Синьор Пелузо представлялся нам воплощением отчаяния. С одной стороны, он и правда всегда проигрывал, с другой — все его осуждали, что он не в состоянии прокормить семью. По непонятным причинам в своих несчастьях он винил дона Акилле. Утверждал, что тот одним махом — словно гигантский магнит — утащил у него необходимые для работы столярные инструменты и еще какое-то добро, хранившееся в мастерской. Якобы дон Акилле забрал у него и саму мастерскую и превратил ее в колбасную лавку. Долгие годы я представляла себе, как дон Акилле всасывает в себя пилу, щипцы, молоток, тиски и целый рой железных гвоздей. А из его грубого, тяжелого, корявого тела вылетают колбасы, ветчина, топленый жир и сыр проволоне — тоже роем.

Давние темные времена.
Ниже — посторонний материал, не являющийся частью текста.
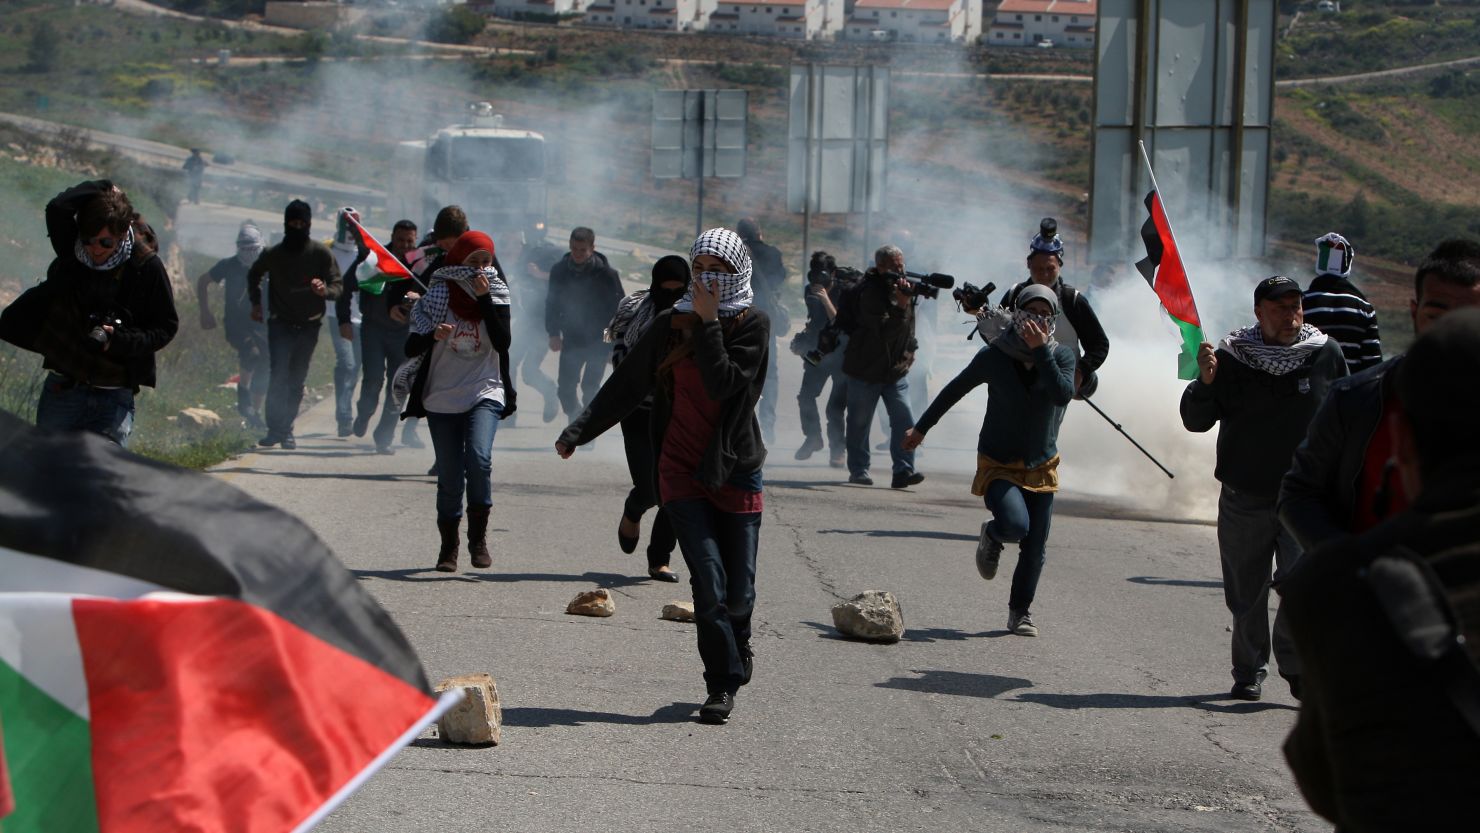 Tear gas on Friday scatters Palestinians protesting the seizure of land for a Jewish settlement near Ramallah in the West Bank.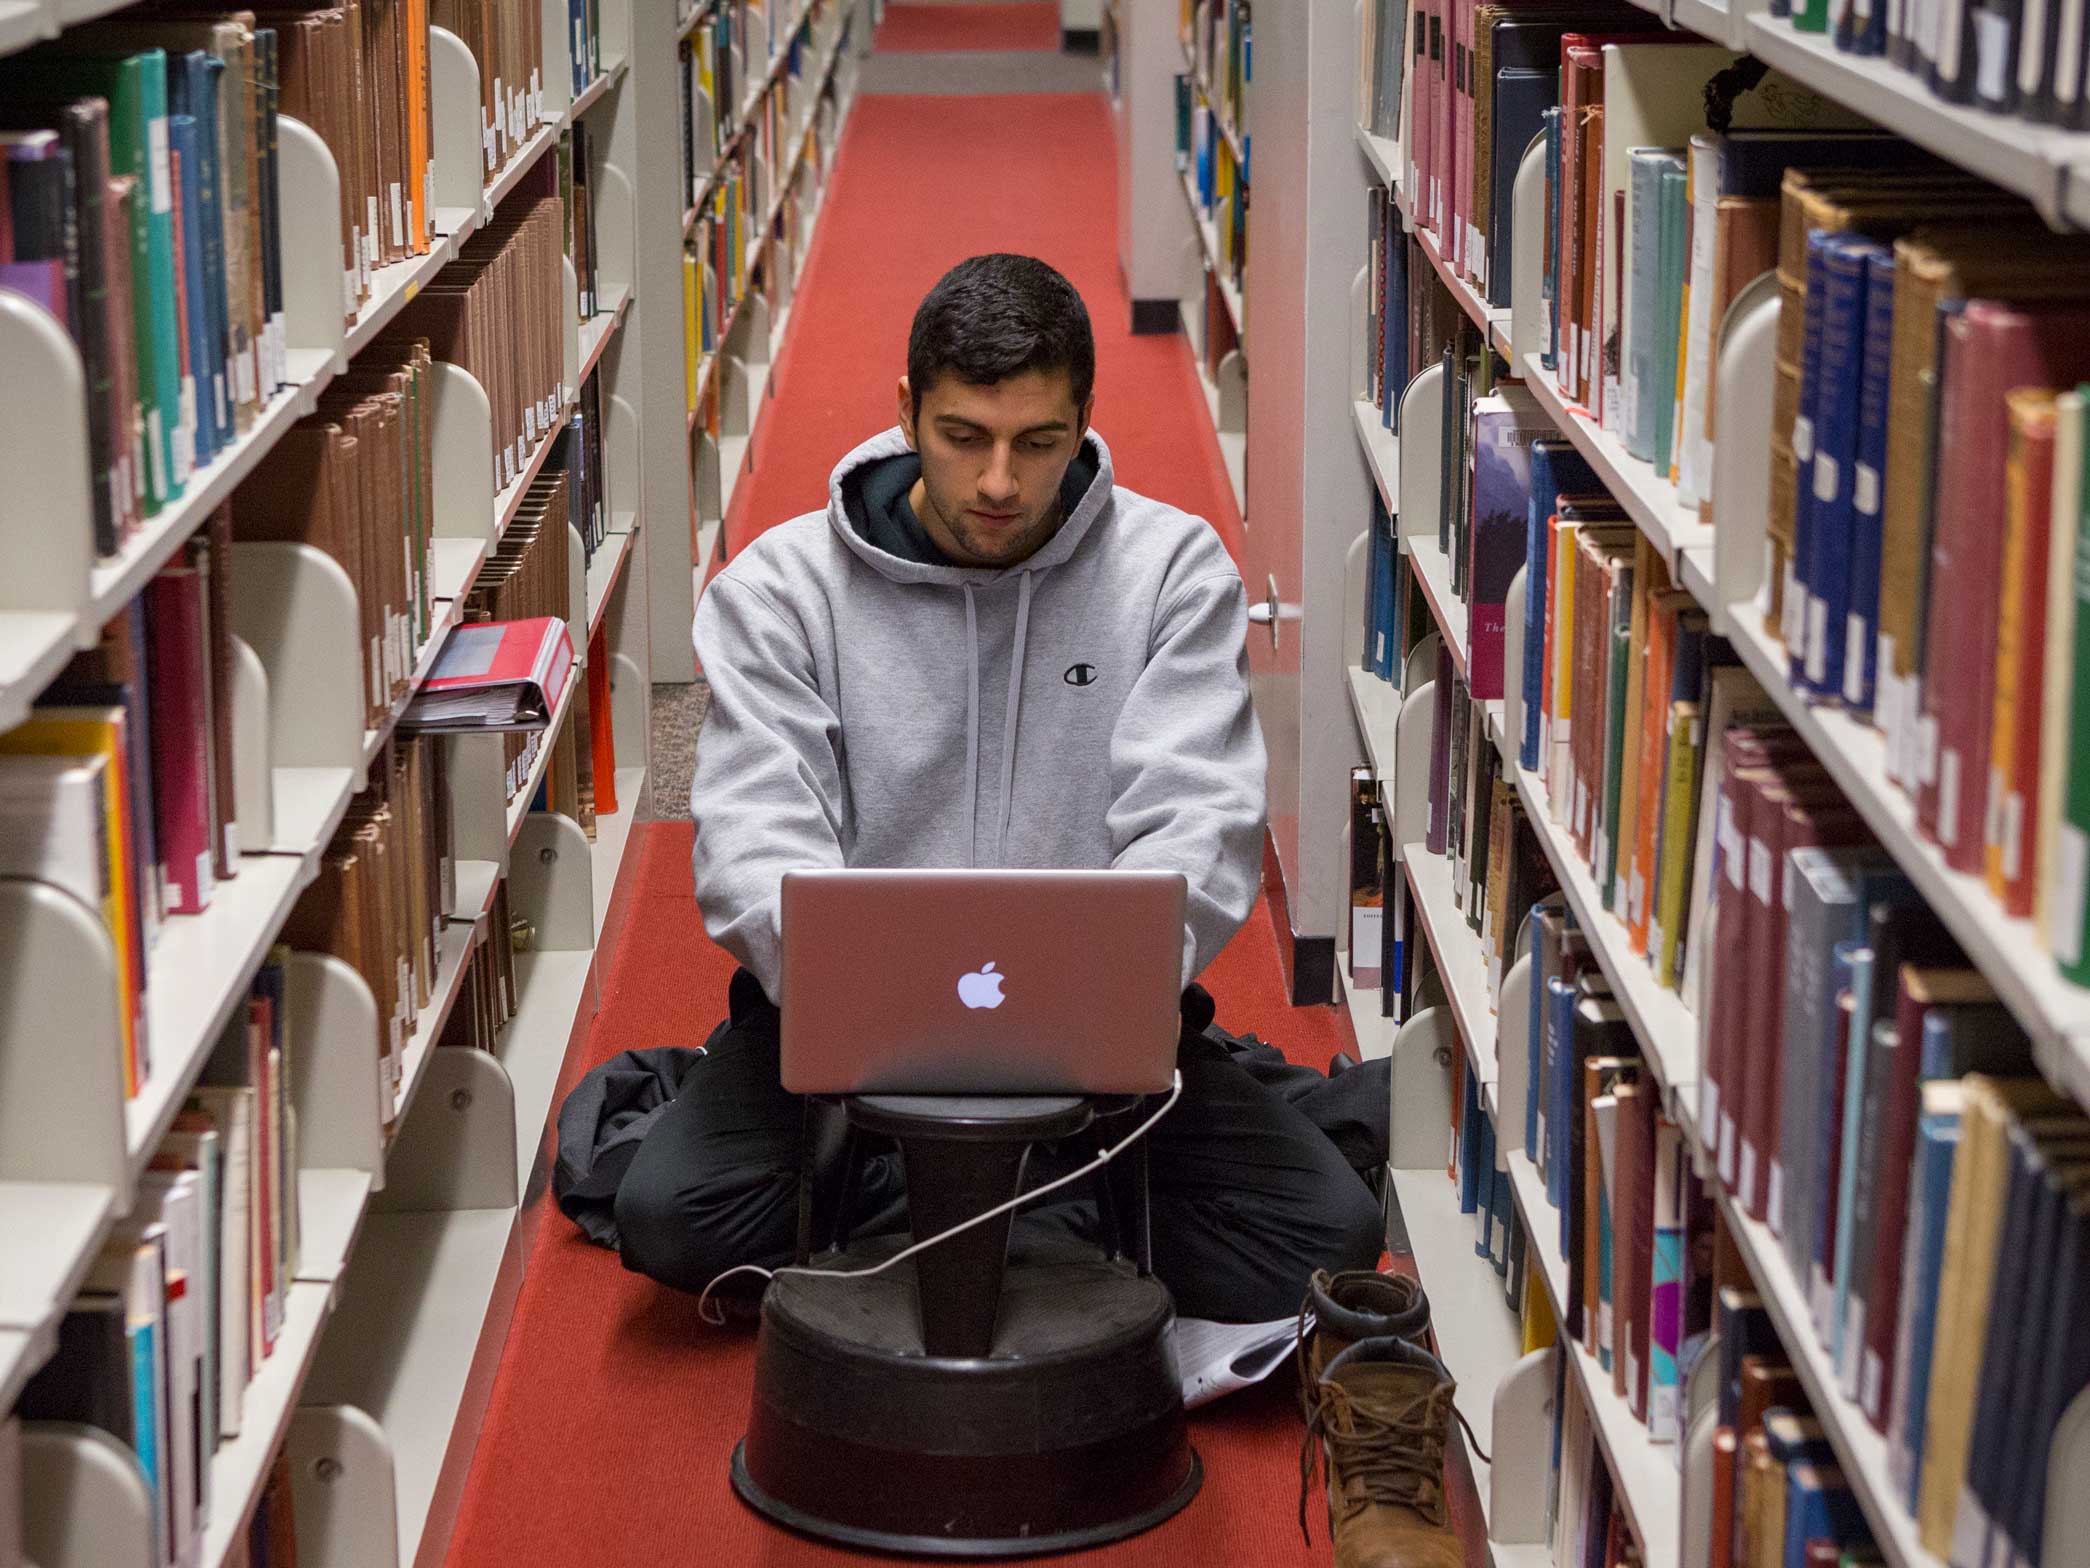 Student using a computer in library stacks

Дон Акилле, вероятно, показал всю свою чудовищную сущность еще до нашего рождения. Раньше. Лила часто употребляла это слово — и в школе, и после уроков. При этом казалось, что ее не слишком волнует то, что было до нас, — все эти мрачные события, о которых взрослые или молчали, или говорили уклончиво, — поскольку все это на самом деле случилось «раньше». Но само это «раньше» очень беспокоило ее, а иногда и злило. Когда мы подружились, она часто рассуждала об этом еще до нас, которое закончилось, и страшно раздражала меня этими нелепыми разговорами. Это был такой долгий, очень долгий период, когда нас не было, когда дон Акилле предстал перед всеми в своем истинном обличье — опасным существом с не то каменной, не то звериной головой, которое всем пускало кровь, само не теряя ни капли. Кажется, его невозможно было даже поцарапать.

Мы были, наверное, во втором классе и еще не разговаривали друг с другом, когда пронесся слух, будто прямо у порога церкви Святого Семейства синьор Пелузо, выходя после мессы, начал выкрикивать что-то злобное о доне Акилле, а дон Акилле, отодвинув в сторону старшего сына Стефано, дочь Пинуччу, нашего ровесника Альфонсо и жену, бросился на Пелузо, схватил его, поднял над землей и швырнул так, что тот ударился о дерево и остался лежать без сознания с сотней ран на голове и на теле, из которых текла кровь. Бедняга не мог даже позвать на помощь.

5
Я нисколько не тоскую по детству: наше детство было полно насилия. Насилие преследовало нас повсюду, дома и на улице, но не помню, чтобы я хоть раз подумала, что нам выпала тяжкая доля. Наша жизнь была такой, какой была, и все тут; мы росли, считая своим долгом осложнить ее другим раньше, чем они осложнят ее нам. Конечно, я была совсем не против вежливости и уважения, которые проповедовали учительница и священник, но чувствовала, что в нашем квартале им не место, даже среди женщин. Женщины дрались между собой чаще, чем мужчины: таскали друг друга за волосы, охотно причиняли друг другу боль. Это было что-то вроде болезни. В детстве я представляла себе маленьких-маленьких животных, почти невидимых, которые по ночам приходят в наш район, вылезают из прудов, из заброшенных железнодорожных вагонов за насыпью, из травы, которую за жуткий запах называли вонючкой, из лягушек, саламандр и мух, из камней и пыли и попадают в воду, в еду и в воздух, и из-за них наши мамы и бабушки становятся злобными, как бешеные собаки. Они были заражены сильнее, чем мужчины: мужчины то и дело впадали в бешенство, но потом успокаивались, а женщины с виду казались спокойными, молчаливыми, но, когда злились, доходили в своей ярости до самого края и уже не могли остановиться.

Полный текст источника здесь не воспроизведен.